[[ INPUT DATA, beginning ]]

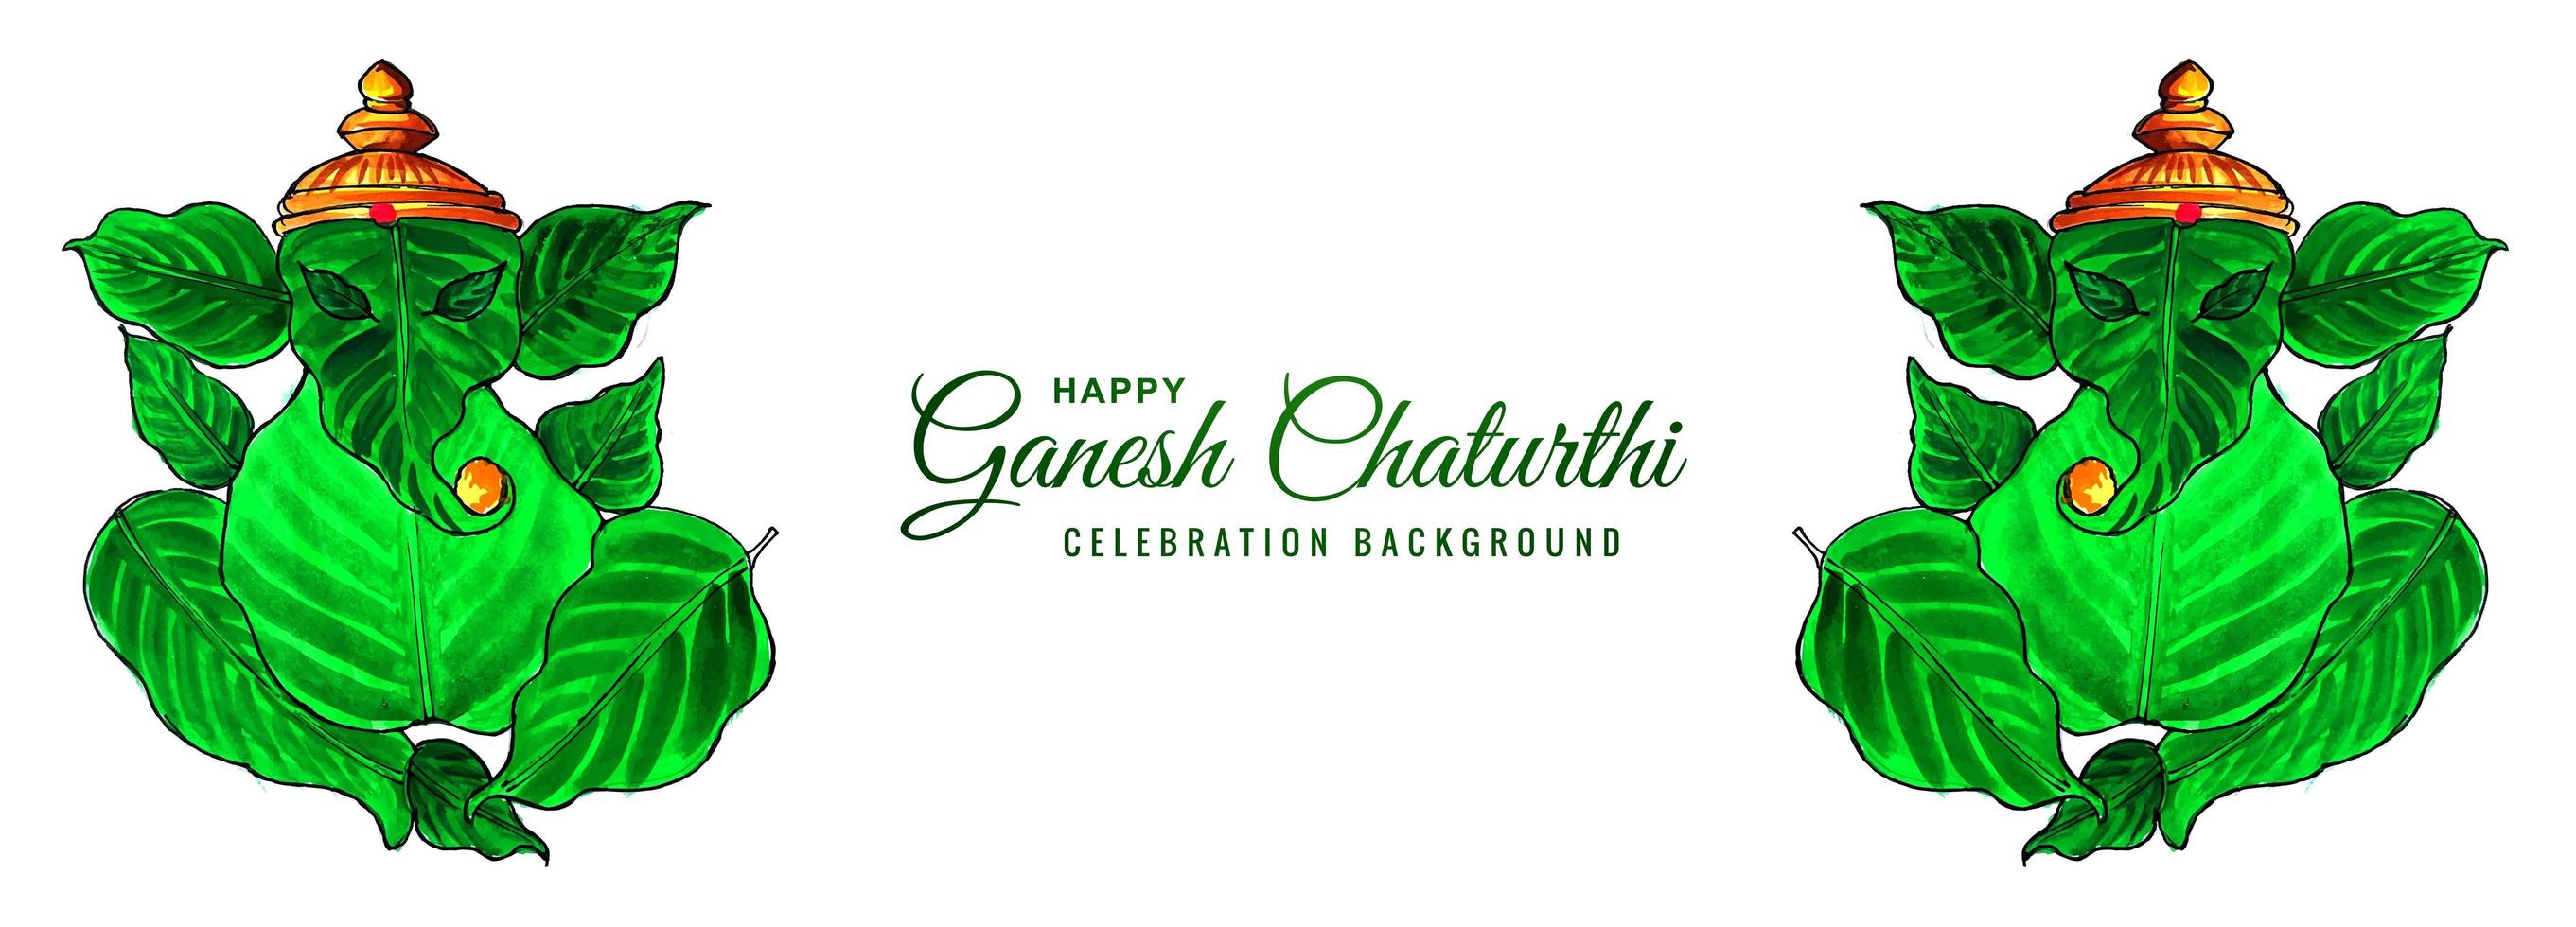 akvarell lämnar lord ganesh för ganesh chaturthi banner vektor
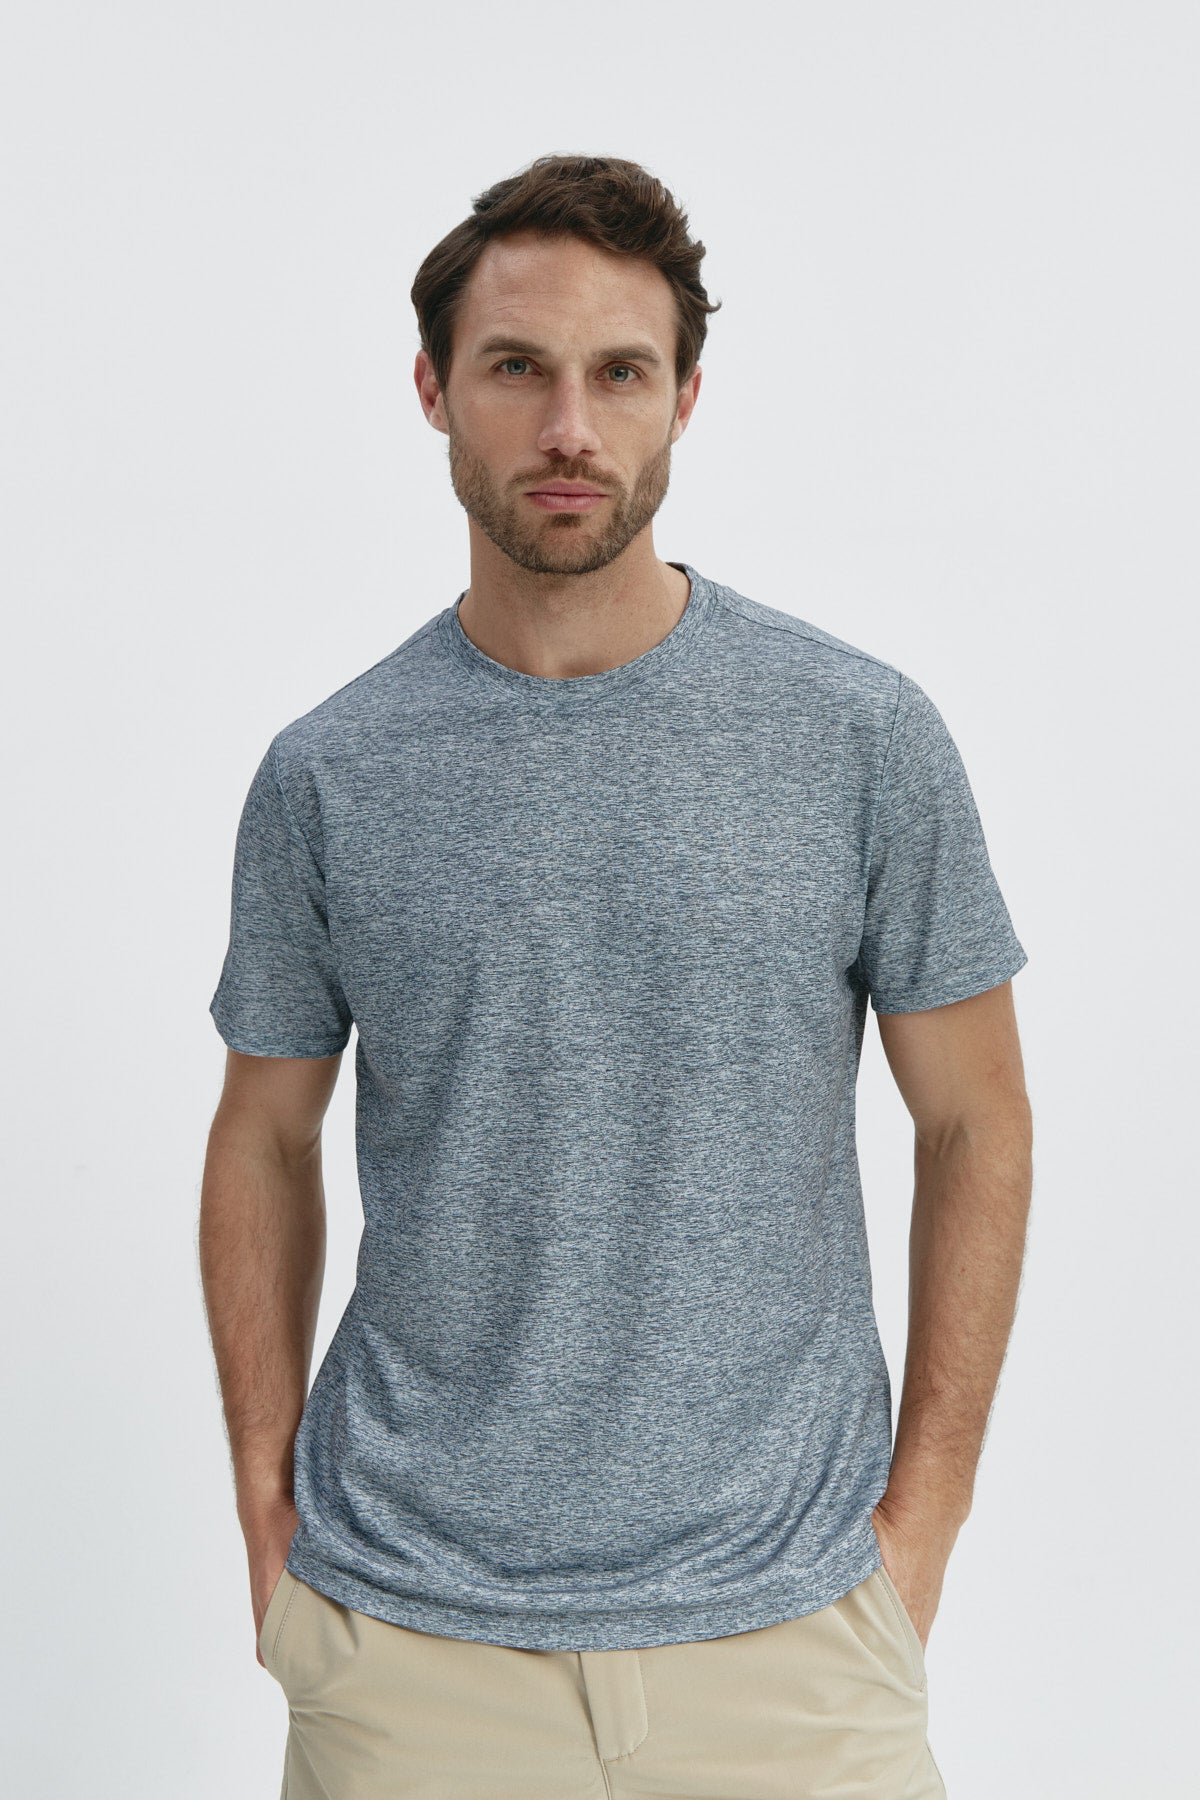 Camiseta de hombre en gris melange. de Sepiia, fresca y estilosa. Foto de frente.
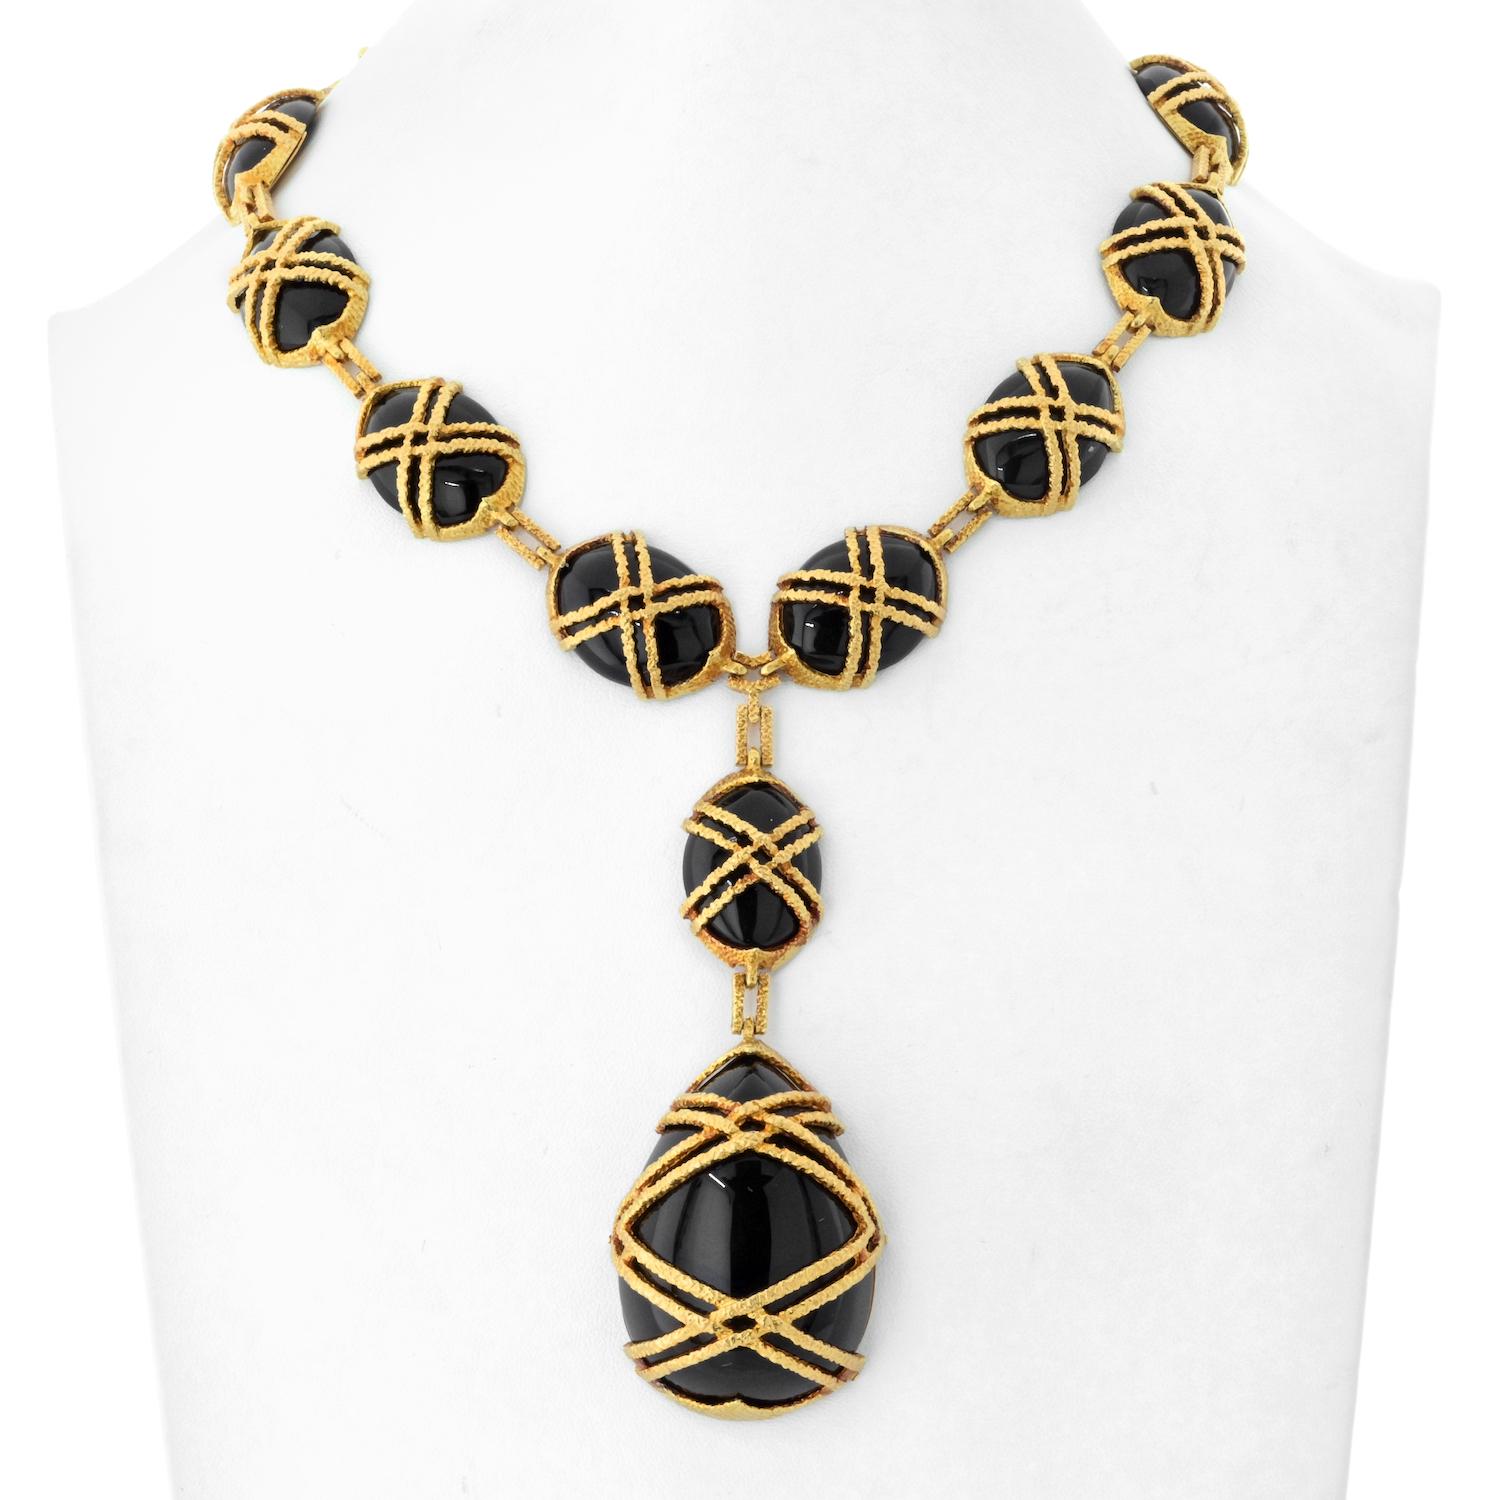 Sie ist der Inbegriff zeitloser Eleganz: die Cartier 18K Yellow Gold 1969 Black Jade Necklace. Dieses exquisite Stück wurde in Perfektion gefertigt und strahlt mit seinen sorgfältig gestalteten Merkmalen Raffinesse und Luxus aus.

Die Halskette ist

[[ INPUT DATA, end ]]

** YOUR INSTRUCTIONS **
The answer is the listing above restated word for word, pictures removed.

** ANSWER TO THIS EXERCISE **
 akvarell lämnar lord ganesh för ganesh chaturthi banner vektor
 Camiseta de hombre en gris melange. de Sepiia, fresca y estilosa. Foto de frente.
 Sie ist der Inbegriff zeitloser Eleganz: die Cartier 18K Yellow Gold 1969 Black Jade Necklace. Dieses exquisite Stück wurde in Perfektion gefertigt und strahlt mit seinen sorgfältig gestalteten Merkmalen Raffinesse und Luxus aus.

Die Halskette ist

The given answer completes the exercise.